Just as airline safety requires more than assessing the metal fatigue on jetliners—crew rotation schedules, maintenance reviews, and air traffic patterns all matter as well—financial market safety requires many coordinated pieces of information. Data about individual firms build on knowledge of market structure and performance, such as clearing and settlement practices, market volume, patterns of counterparty relationships, and market liquidity. Clearly, supervisors will need to acquire some combination of firm—and market-level data to assess the overall state of the system.

A New Information Infastructure?

Several proposals have been advanced to create a new “information infrastructure” for the financial system. Federal Reserve Board Governor Daniel K. Tarullo recently provided a rationale for, and a set of principles to guide, an enhanced data collection regime.21 As Tarullo notes, data collection can be costly, and data overload can create problems for supervisors, so it pays to think carefully in advance about what information needs to be collected.

Can a Stock Option Predict Financial System Chaos?

Martín Saldías Zambrana, a visiting scholar at the Federal Reserve Bank of Cleveland, takes what’s known as a “contingent claims” approach in his proposal for a forward-looking systemic risk indicator. In the simplest terms, a contingent claim gives the holder the right to something else depending on what happens in the future. An option to buy a share of AIG at a certain price level during a certain time period is a type of contingent claim, for example.

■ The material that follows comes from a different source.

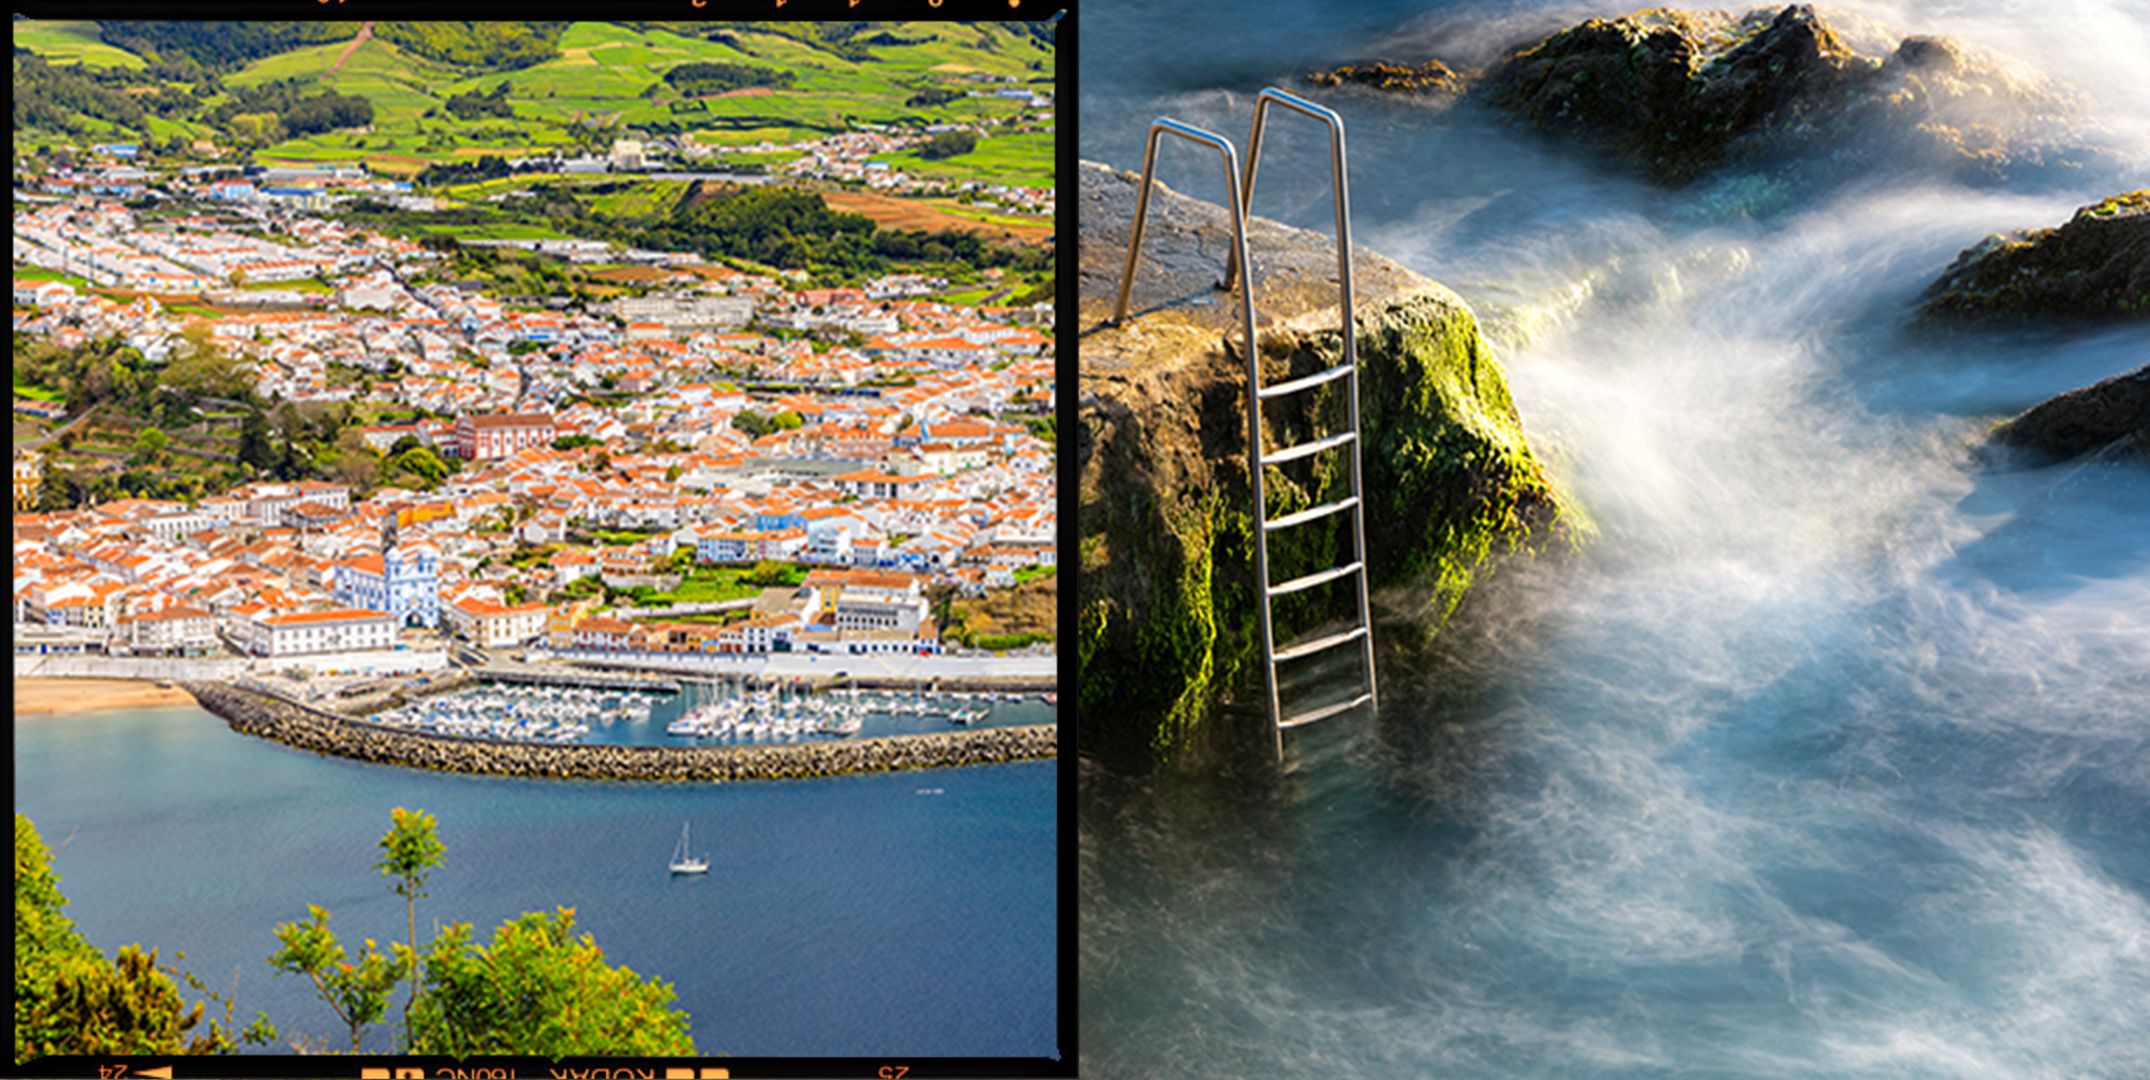 Terceira Island, the Azores travel guide

Zambrana uses the option-based “distance-to-default” measure developed by Moody’s KMV, a credit analysis firm. Distance to default is a measure of the probability that a firm will default, so we use the term “probability of default” in this explanation. The measure uses estimates of the market value of a firm’s assets, the volatility of the asset value, and the bankruptcy threshold (that is, the point at which the firm will become insolvent). These estimates are typically backed out of observed accounting data and the price of the firm’s traded equity using an option pricing model.

Although it may sound skull-cracking—and indeed, this process typically involves sophisticated mathematics and analytic tools—it is a fairly straightforward procedure. The probability-of-default measure can be constructed for any firm if the minimum information requirements are met. Zambrana computes probability of default both for a traded index of European bank stocks (the index is called DJ STOXX) and for each of the banks in the index. He then constructs an index of the probability-of-default measures using individual banks’ probability of default.

Zambrana’s innovation is to use a well-known fact in finance: An option on a portfolio of stocks is not worth the same amount as a portfolio of options on the individual stocks in the portfolio. (That’s simply because the option to buy or sell an entire portfolio of stocks does not come with the same inherent flexibility as having an entire portfolio of options to buy or sell stocks.) This means that his two probability-of-default measures for the European banking system will not be the same, except when there is perfect correlation between the stocks in the portfolio.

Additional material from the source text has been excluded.